> _What to do_: The copy should begin at the line containing "Смартфон Blackview a30" and end at the last line of the material. Please reproduce those lines exactly and keep pictures out.

> _Data below_:
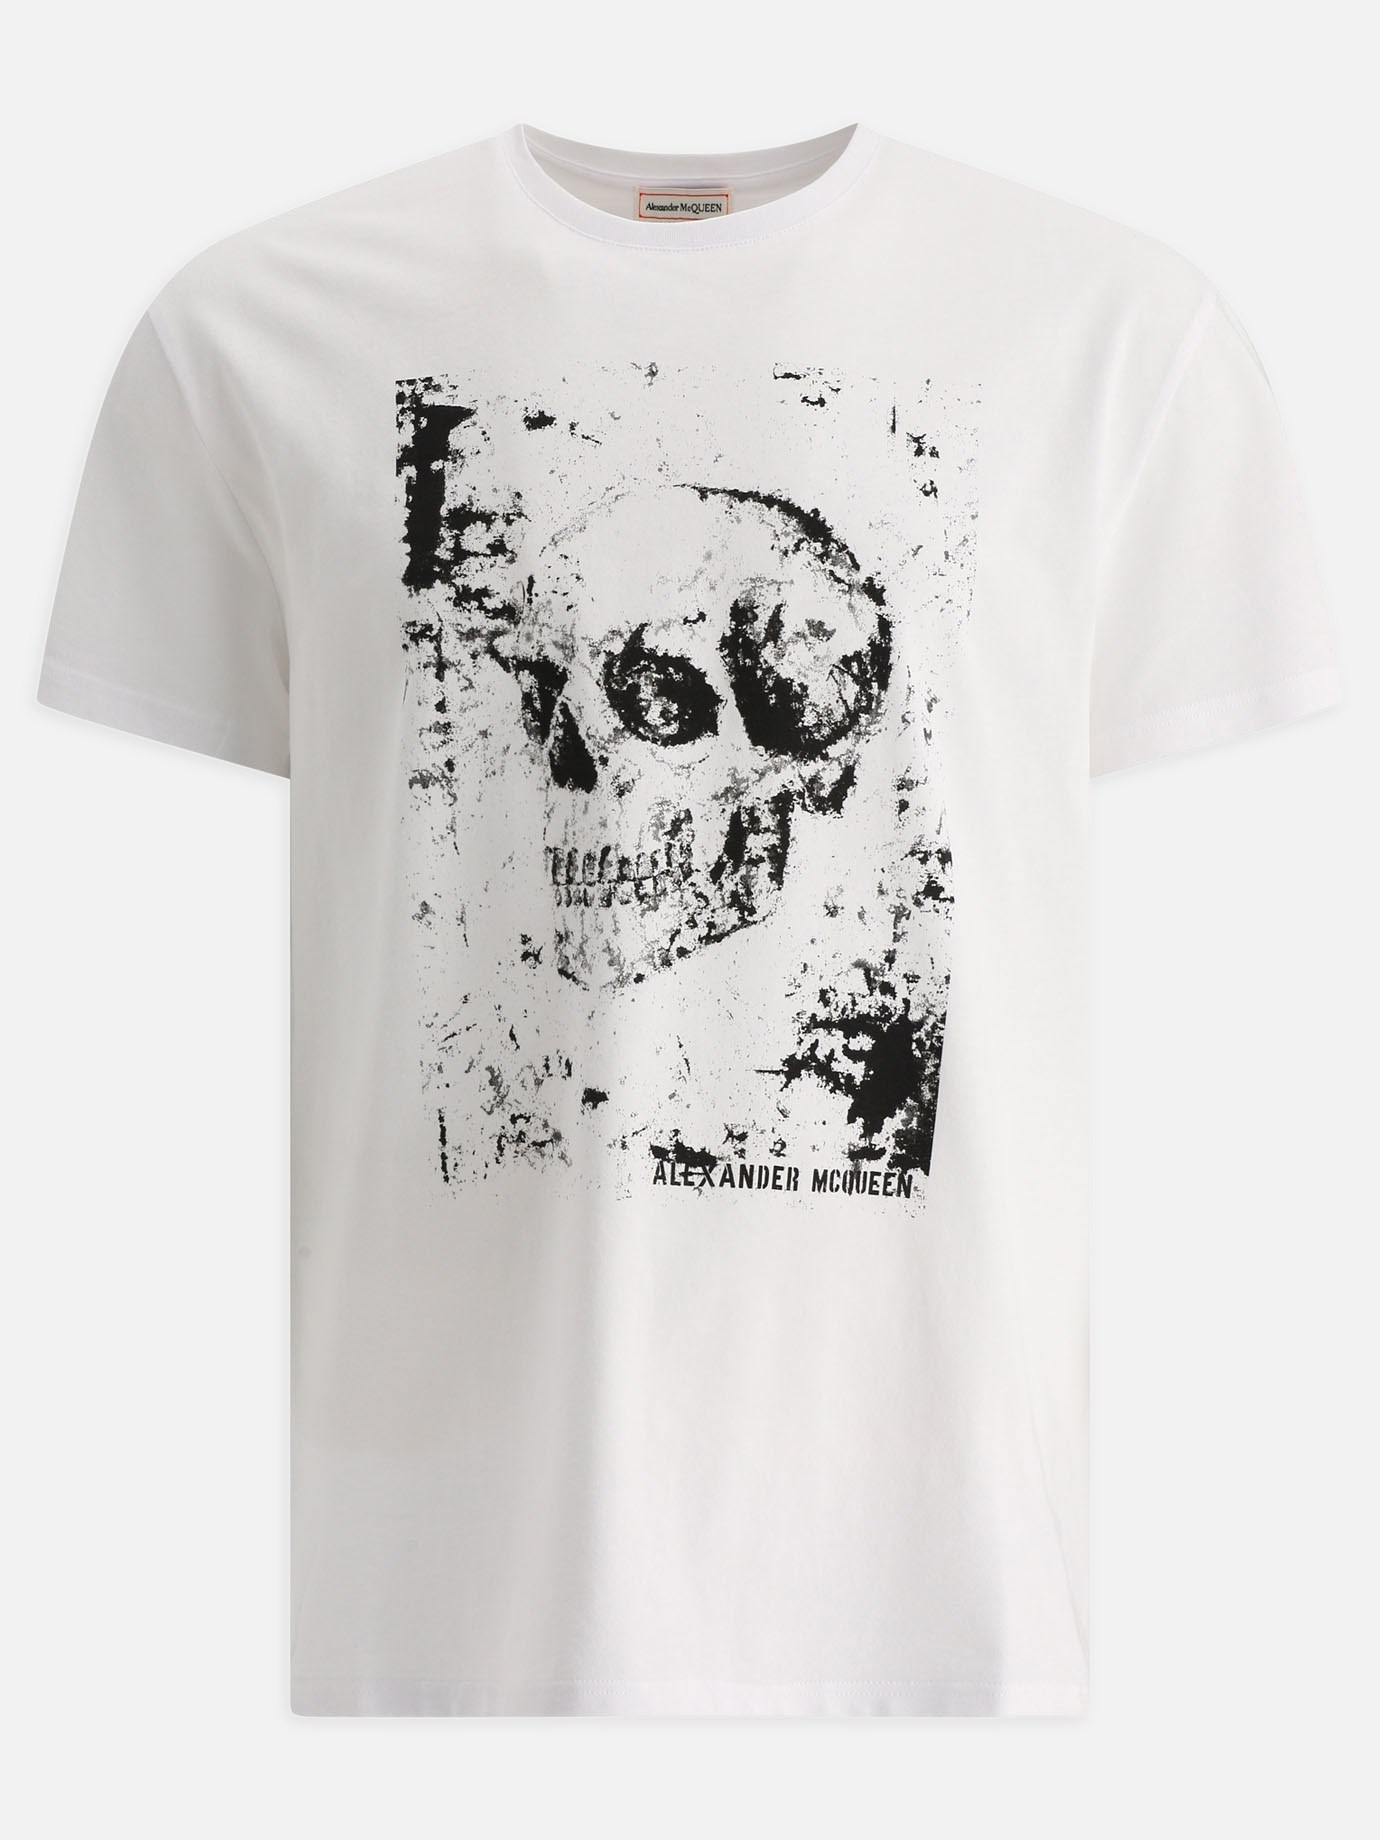  Skull  t-shirtby Alexander McQueen - 0
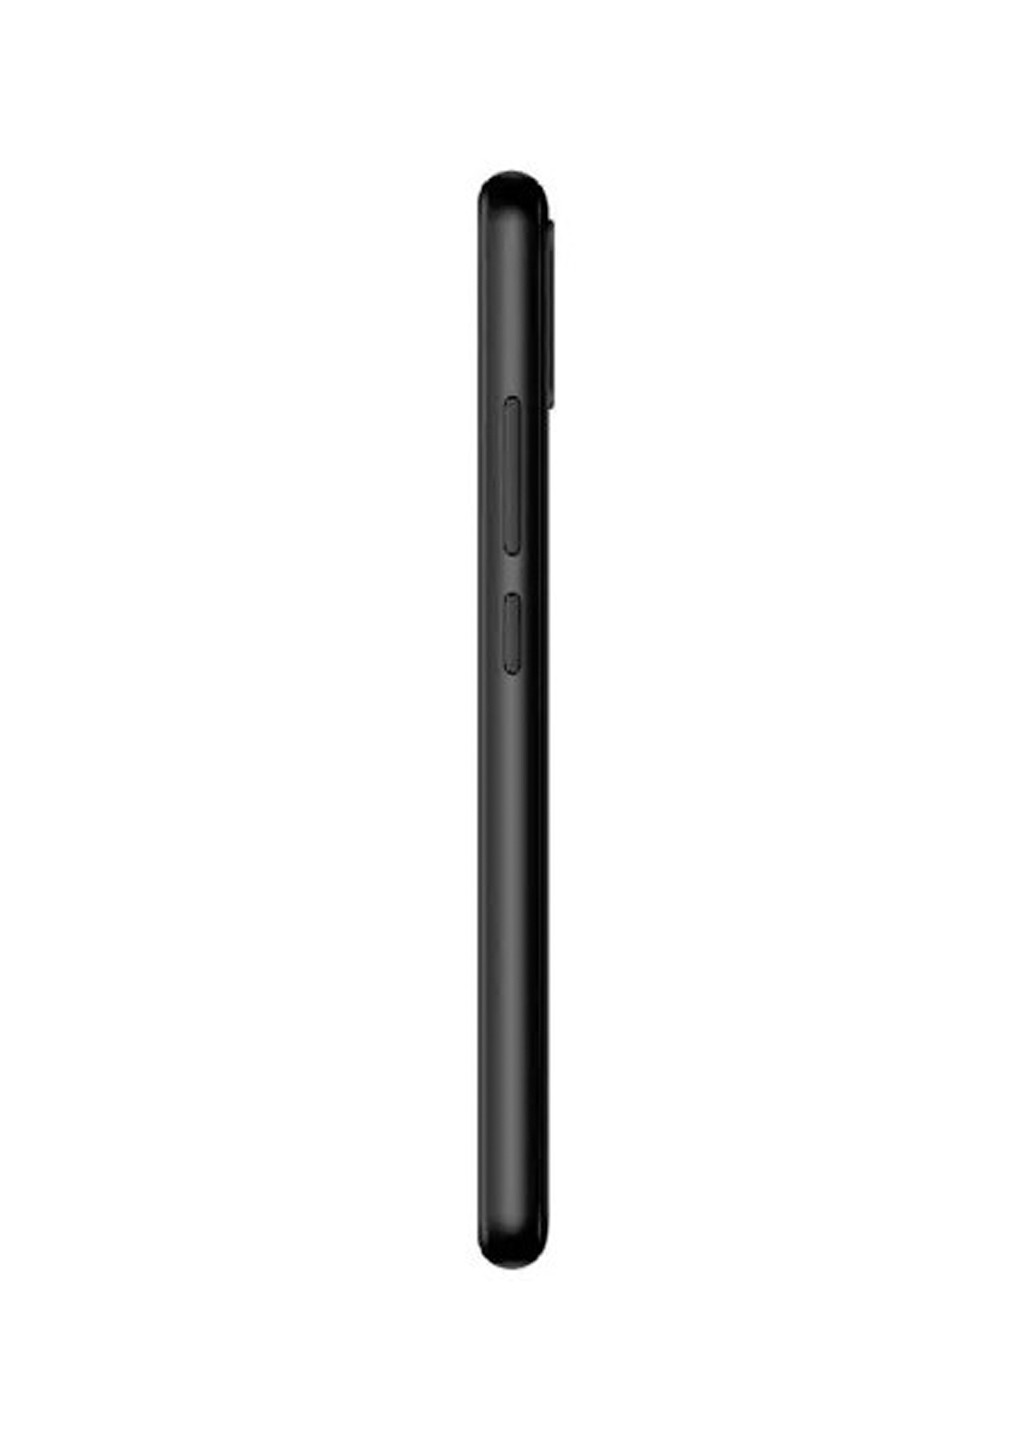 Смартфон Blackview a30 2/16gb black (165147913)
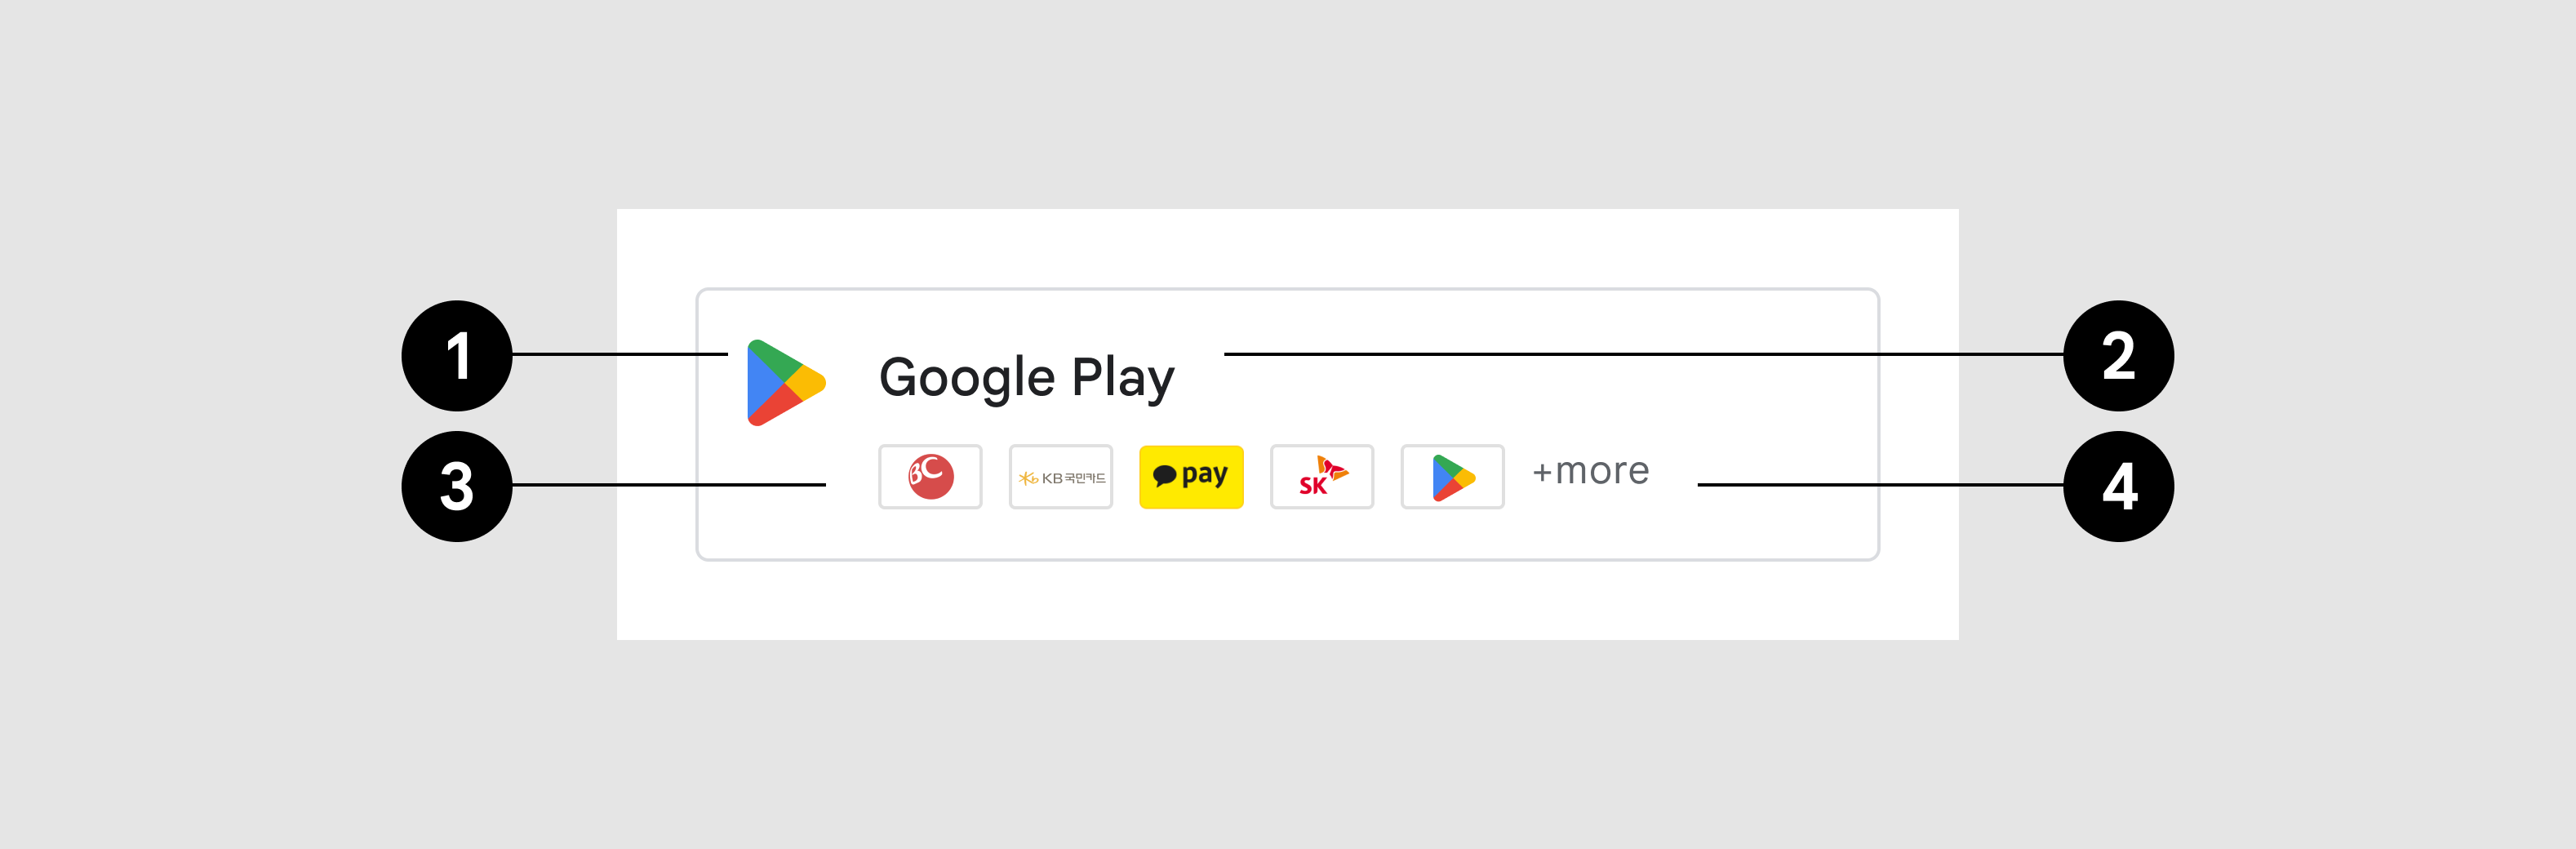 le bouton Google Play

> _Solution to this task_:
 Смартфон Blackview a30 2/16gb black (165147913)
 le bouton Google Play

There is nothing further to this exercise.